**Data records:**
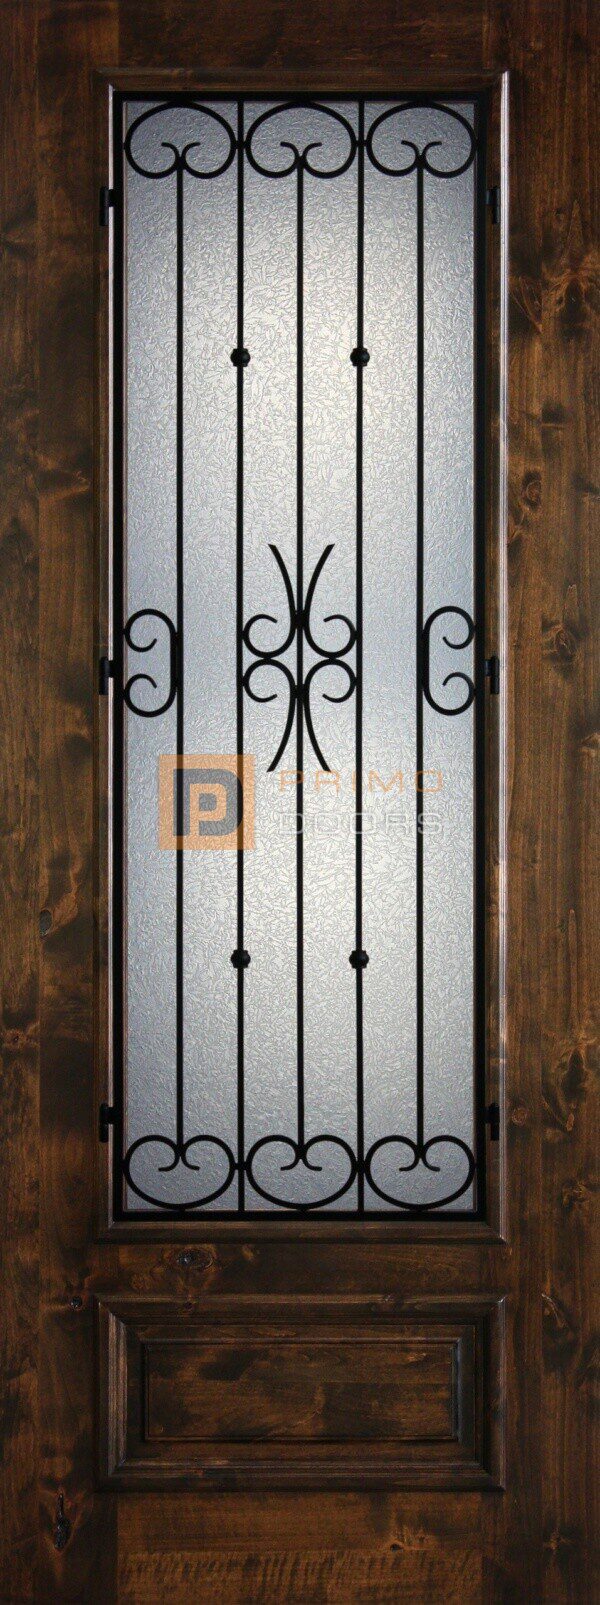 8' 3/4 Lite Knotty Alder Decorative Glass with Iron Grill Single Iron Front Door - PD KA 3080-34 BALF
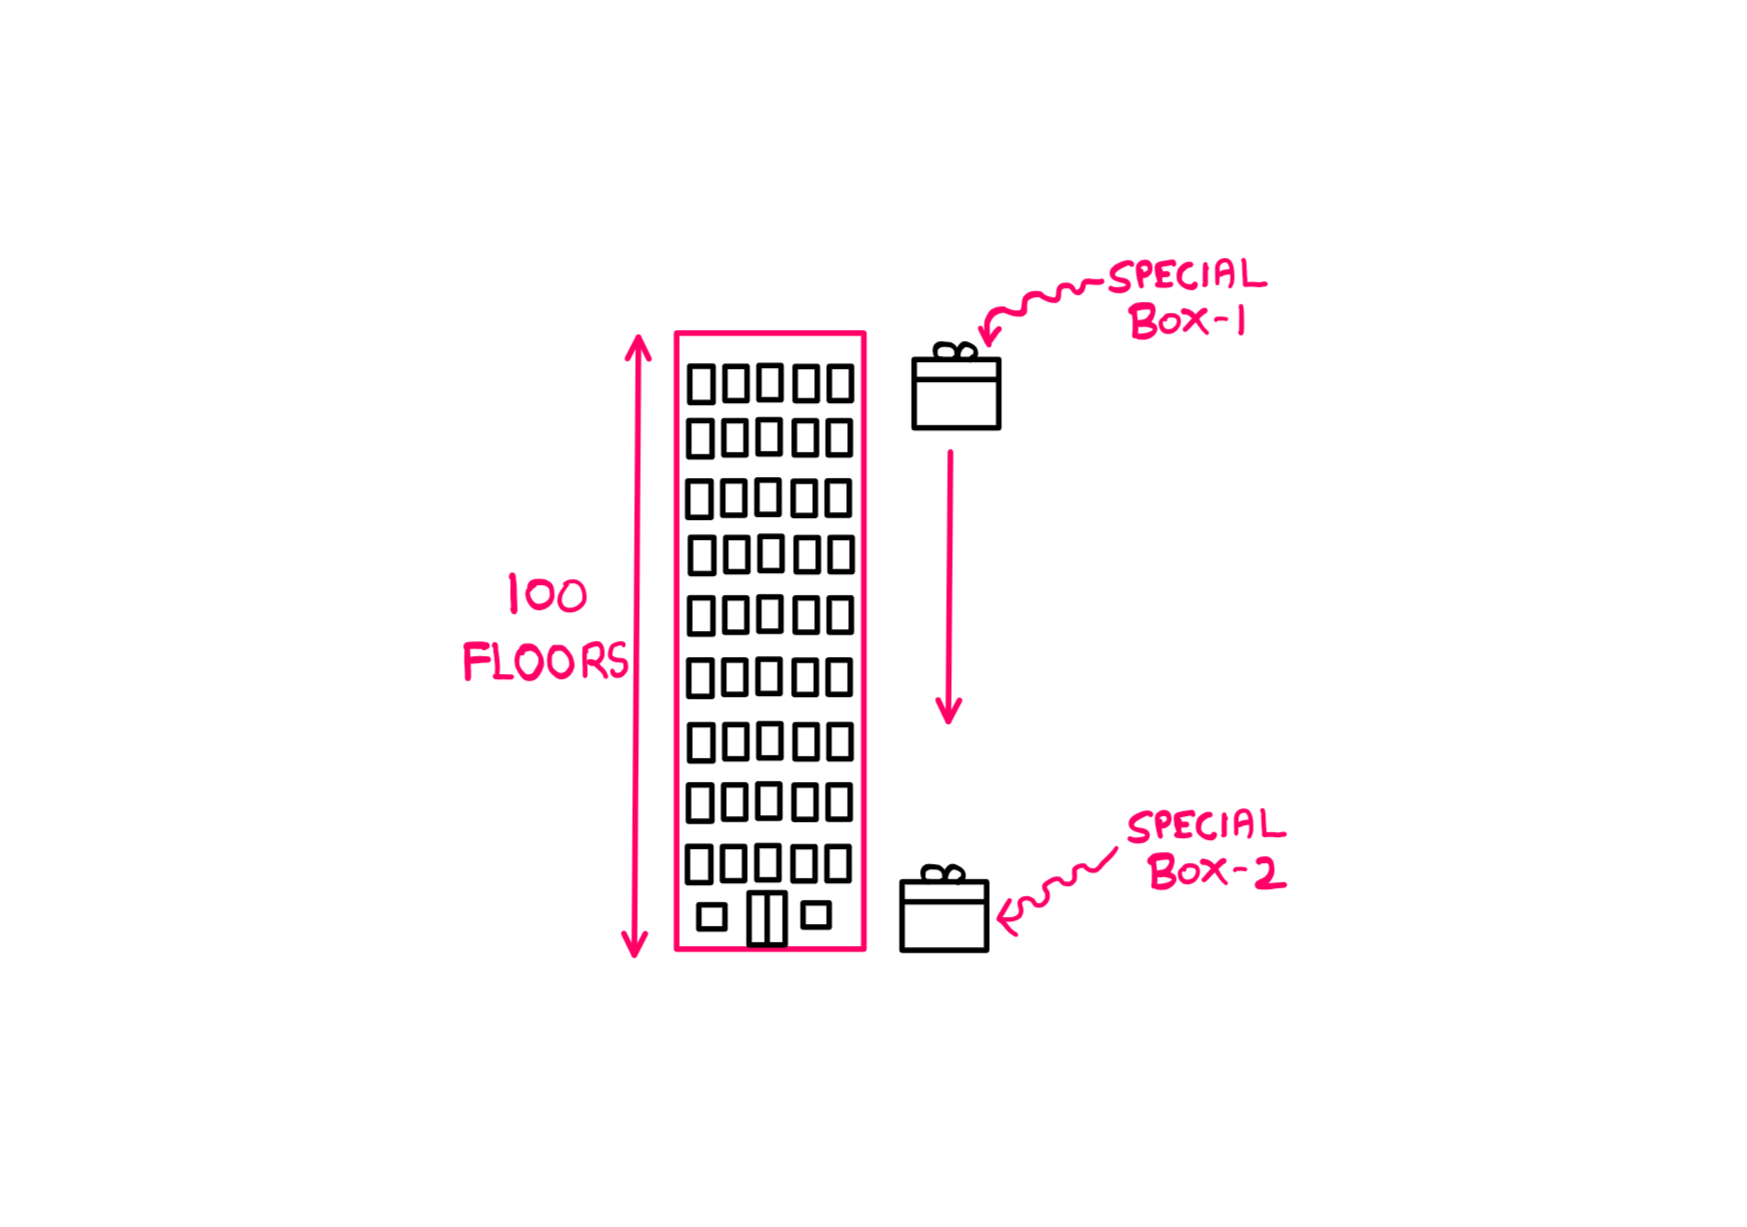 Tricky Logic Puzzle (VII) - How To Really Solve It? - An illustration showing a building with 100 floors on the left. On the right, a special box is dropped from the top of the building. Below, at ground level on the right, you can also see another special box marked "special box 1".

--

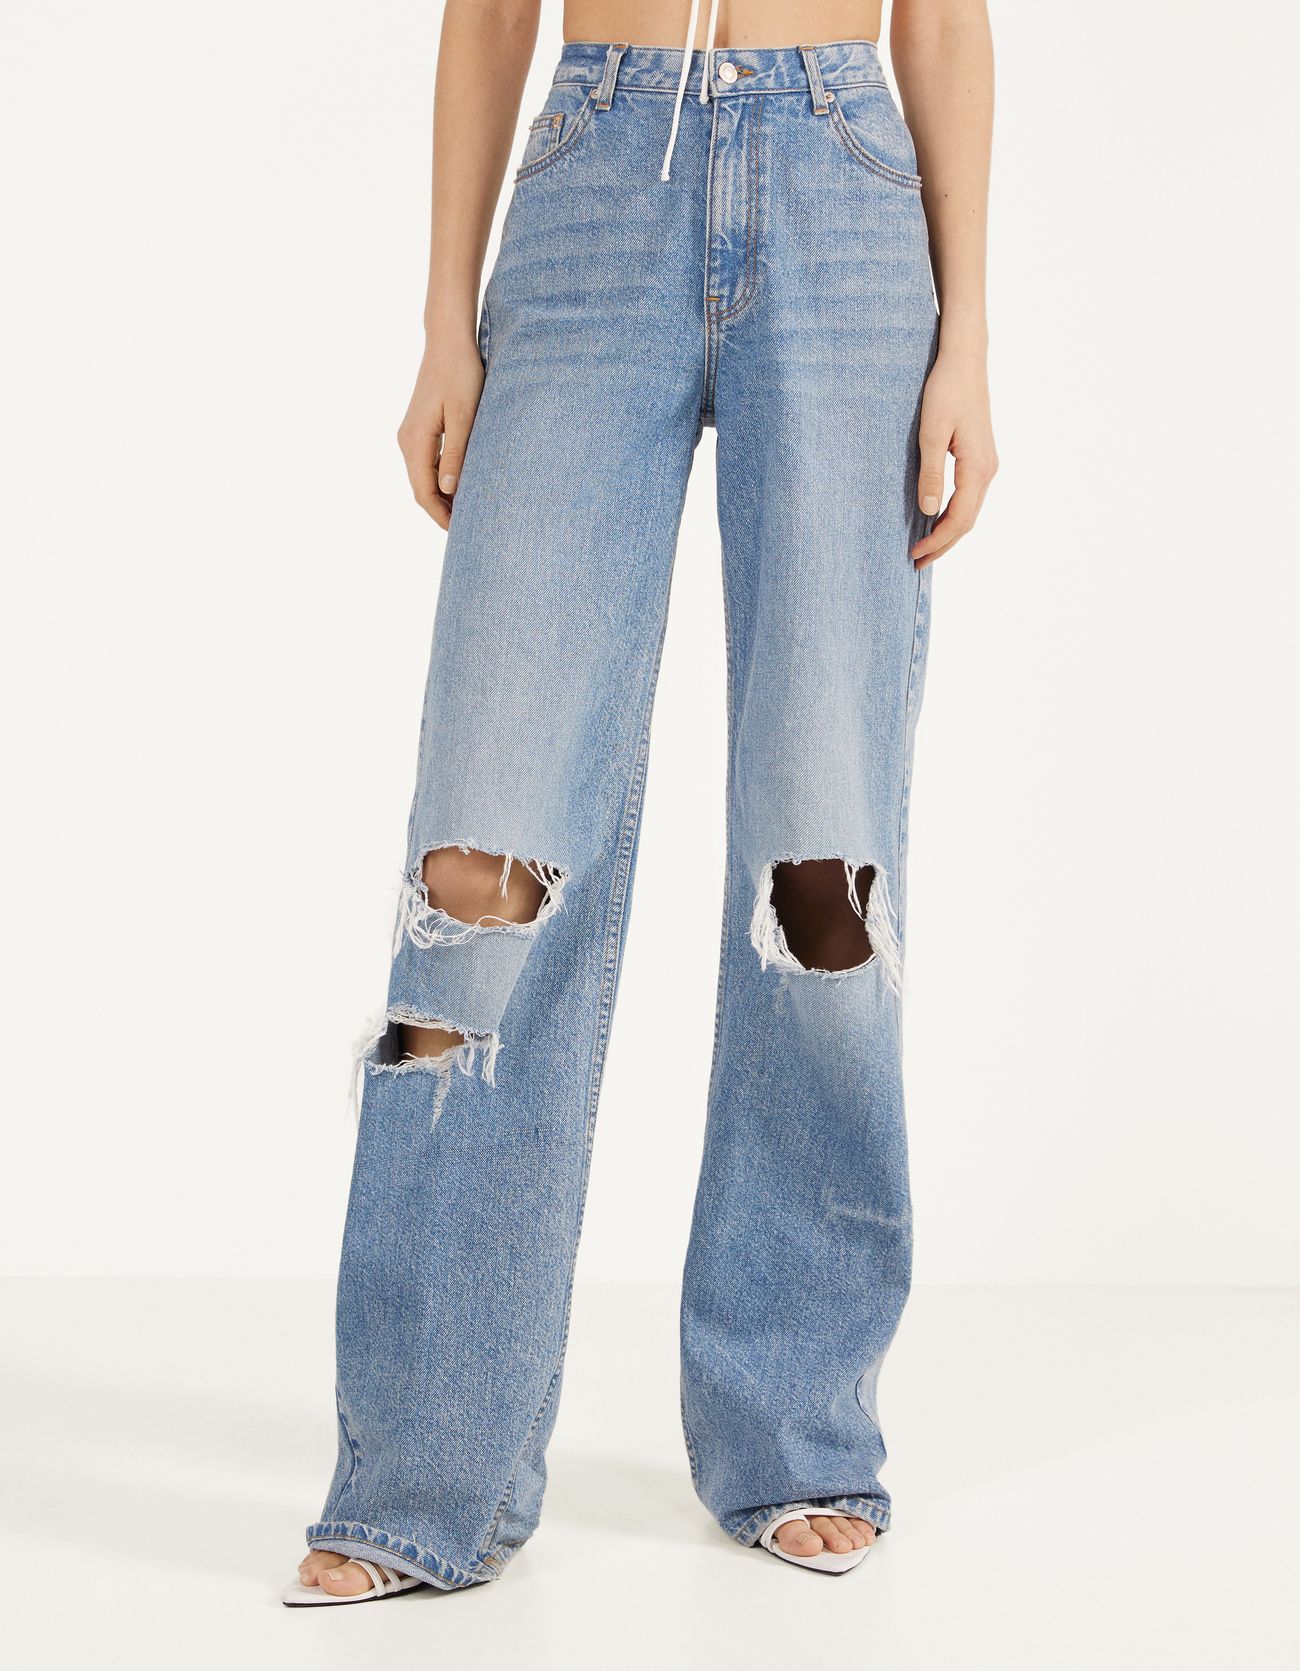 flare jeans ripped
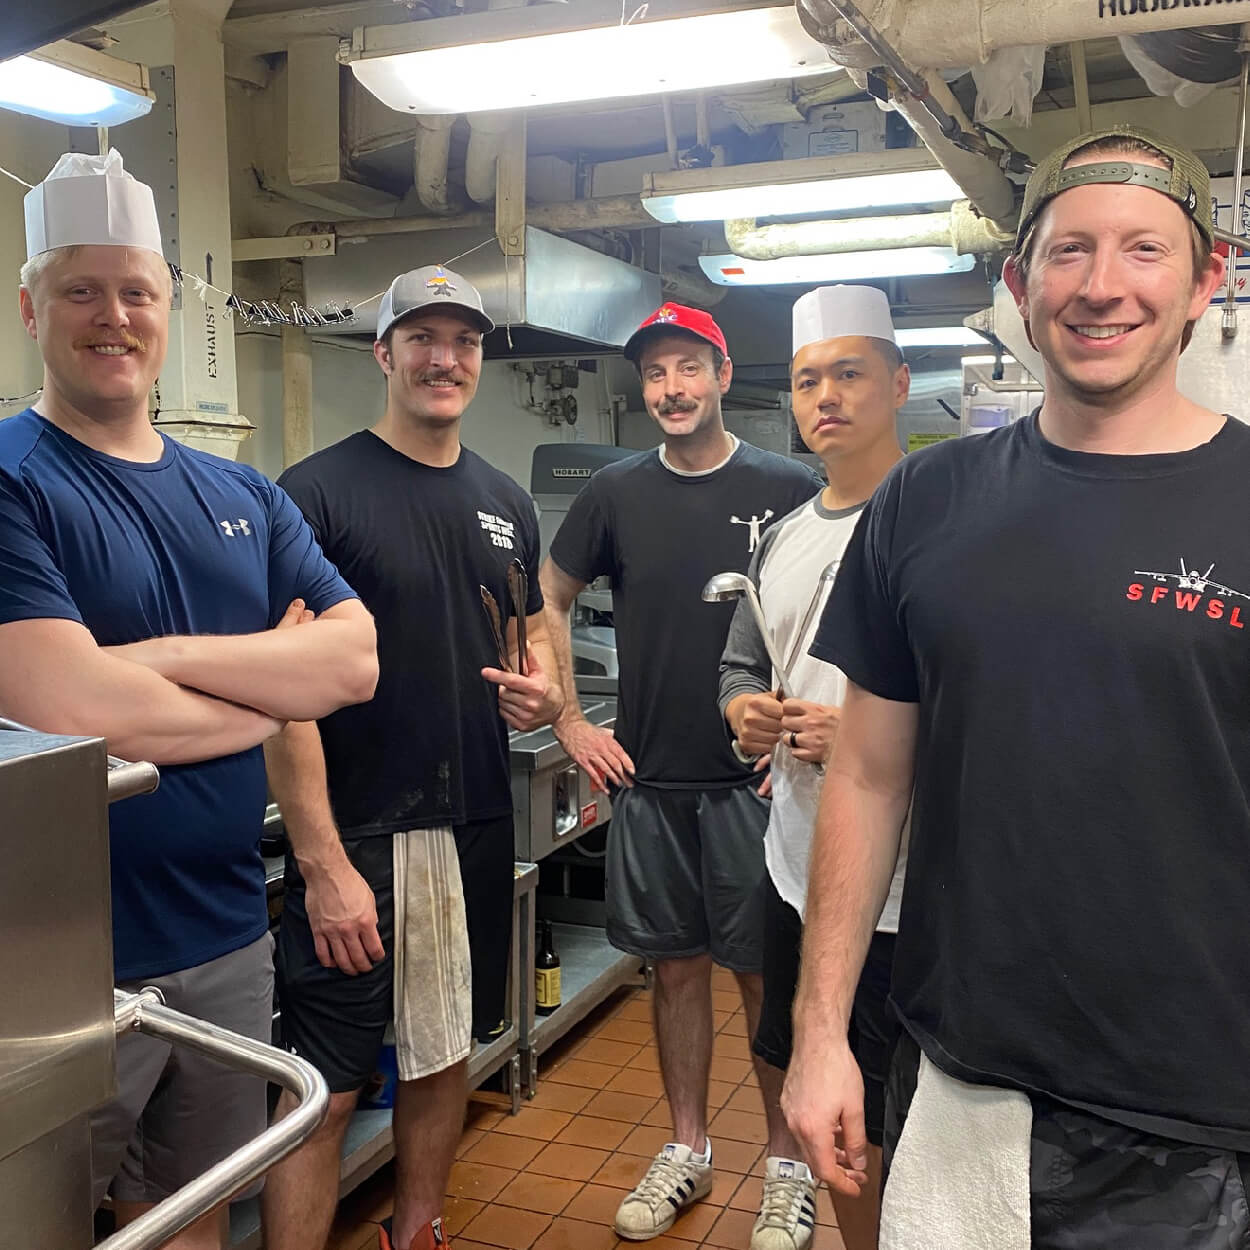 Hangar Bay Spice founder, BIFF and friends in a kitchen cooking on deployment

**Assignment:**
Please output, exactly as written, the lines above from the one holding "8' 3/4 Lite" through the one holding "Tricky Logic Puzzle", both included, with the pictures omitted.

**Completed task:**
 8' 3/4 Lite Knotty Alder Decorative Glass with Iron Grill Single Iron Front Door - PD KA 3080-34 BALF
 Tricky Logic Puzzle (VII) - How To Really Solve It? - An illustration showing a building with 100 floors on the left. On the right, a special box is dropped from the top of the building. Below, at ground level on the right, you can also see another special box marked "special box 1".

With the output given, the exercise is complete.